Not only is the timing of no help, but quantities are small compared to the 14-15 mb/d export deficit, as long as the Strait of Hormuz remains closed. That is why the IEA’s oil release announcement underwhelmed markets.

Most analysts believe the IEA stocks are just a band aid that can soften the blow from the current crisis for only a short period. Soon after it was announced, the price of oil jumped to over $100/b in response to Trump’s statements.

Tapping strategic reserves will slow, rather than stop, rising oil prices and offer a temporary salve.

How high could Brent go?

How high the Brent crude price will go depends heavily on how long the Strait of Hormuz remains closed. Analysis by Bloomberg suggests that a one-month closure would get Brent to $100-105/b, two months to $140/b and three months to $164/b. Goldman Sachs agrees.

In addition, the longer it takes to open the Strait, the longer it will need for prices to fall back. It also depends on how long it will take producers to ramp-up production after the Strait opens.

Where facilities are completely shut-down, it could take another 1-3 months to restart them and return back to normal production levels. That’s why closure of the Strait by more than a month would keep prices higher for longer.

Supply-chain disruptions, from misplaced ships, canceled insurance, and slowed output in Saudi Arabia, Iraq, Kuwait and the UAE, will take months to fix.

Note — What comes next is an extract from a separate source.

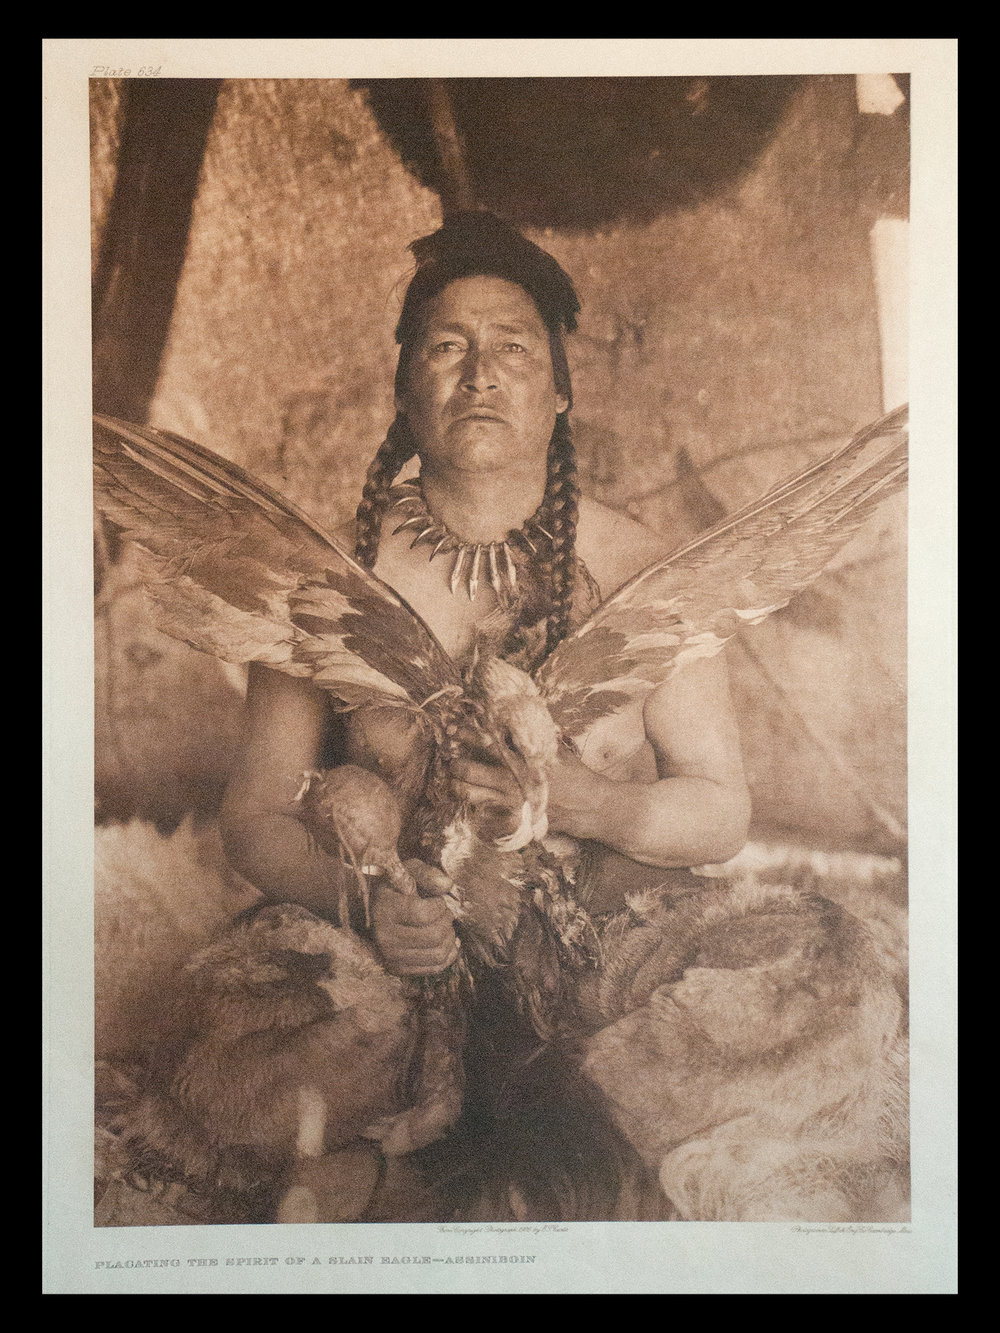 Plagating the Spirit of a Slain Eagle-Assiniboin final.jpg

Bloomberg estimates that a one-month delay would see prices returning to normal by July, two months would keep prices to about $90/b by September and three months between $90 and $100/b by September.

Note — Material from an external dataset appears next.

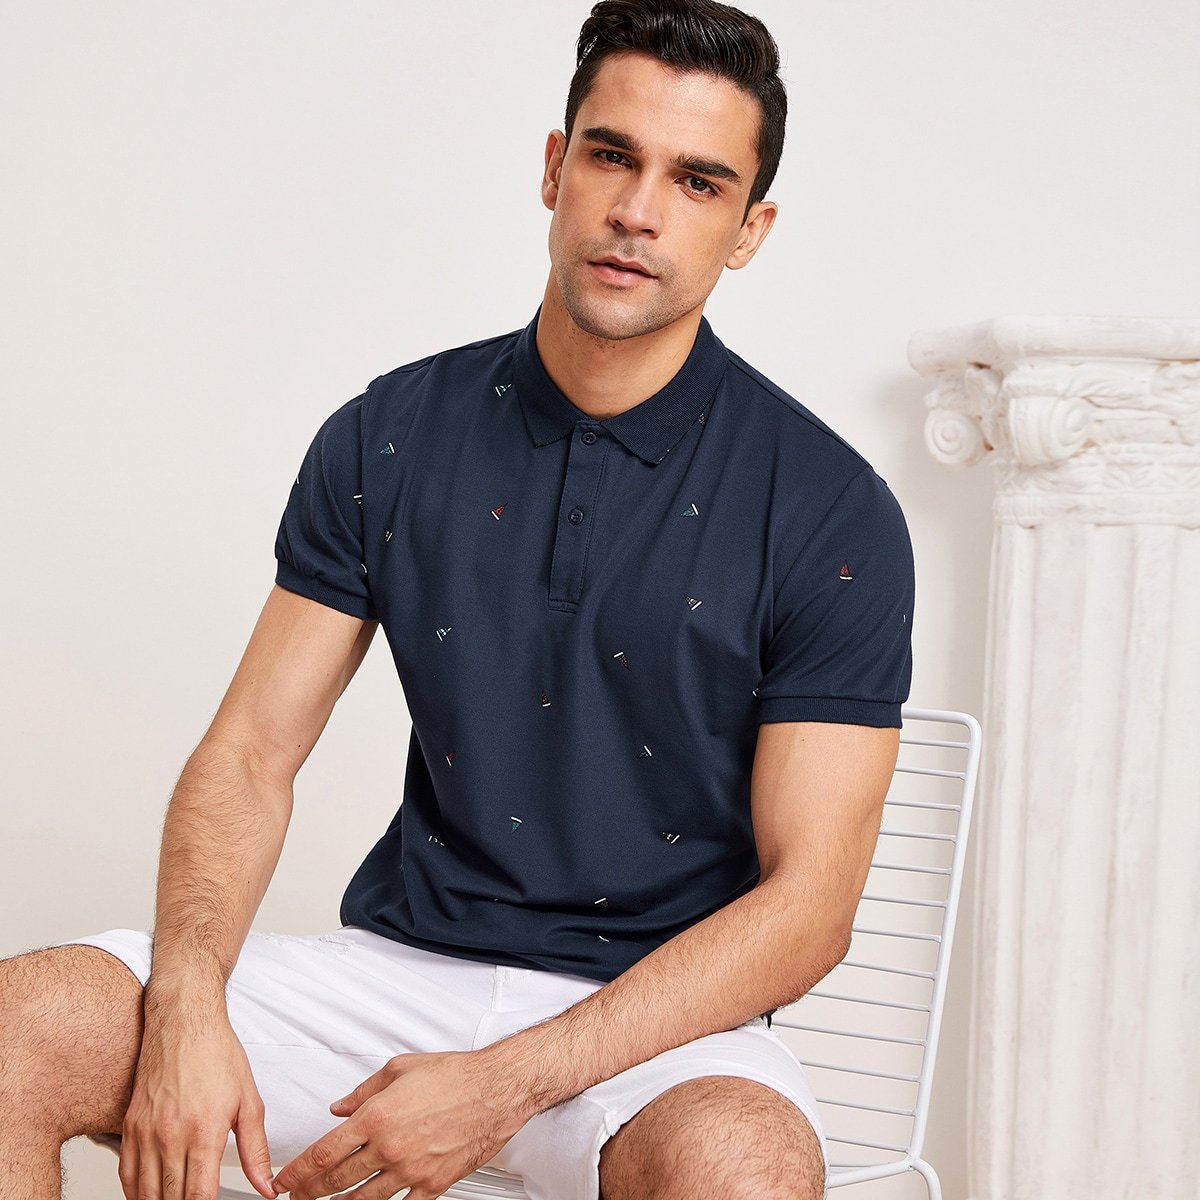 SHEIN coupon: Men Sailboat Print Polo Shirt

The consequences of the war for oil and gas prices are uncertain, but could rival those that followed Russia’s invasion of Ukraine in 2022. Much will depend on whether the disruption is short-lived and the state of infrastructure around the Gulf at the end of it.

The U.S. is considering providing naval escort to ships prepared to go through the Strait, probably by the end of March, but with Iran deploying mines, they will still face high risks. Iran is also still capable of unleashing a large number of suicide boats and drones from underground tunnels along its coast capable of striking ships across the Gulf.

Even if naval escort is provided, ships would have to decide whether to take such risks.

Vastly increased war-risk insurance premiums are also a problem, even with the U.S., and possibly Europe, prepared to offer alternatives.

Reducing oil prices really comes down to ending the war. All other options are not guaranteed to work.

Oil traders still appear to be betting that that will be the case and soon.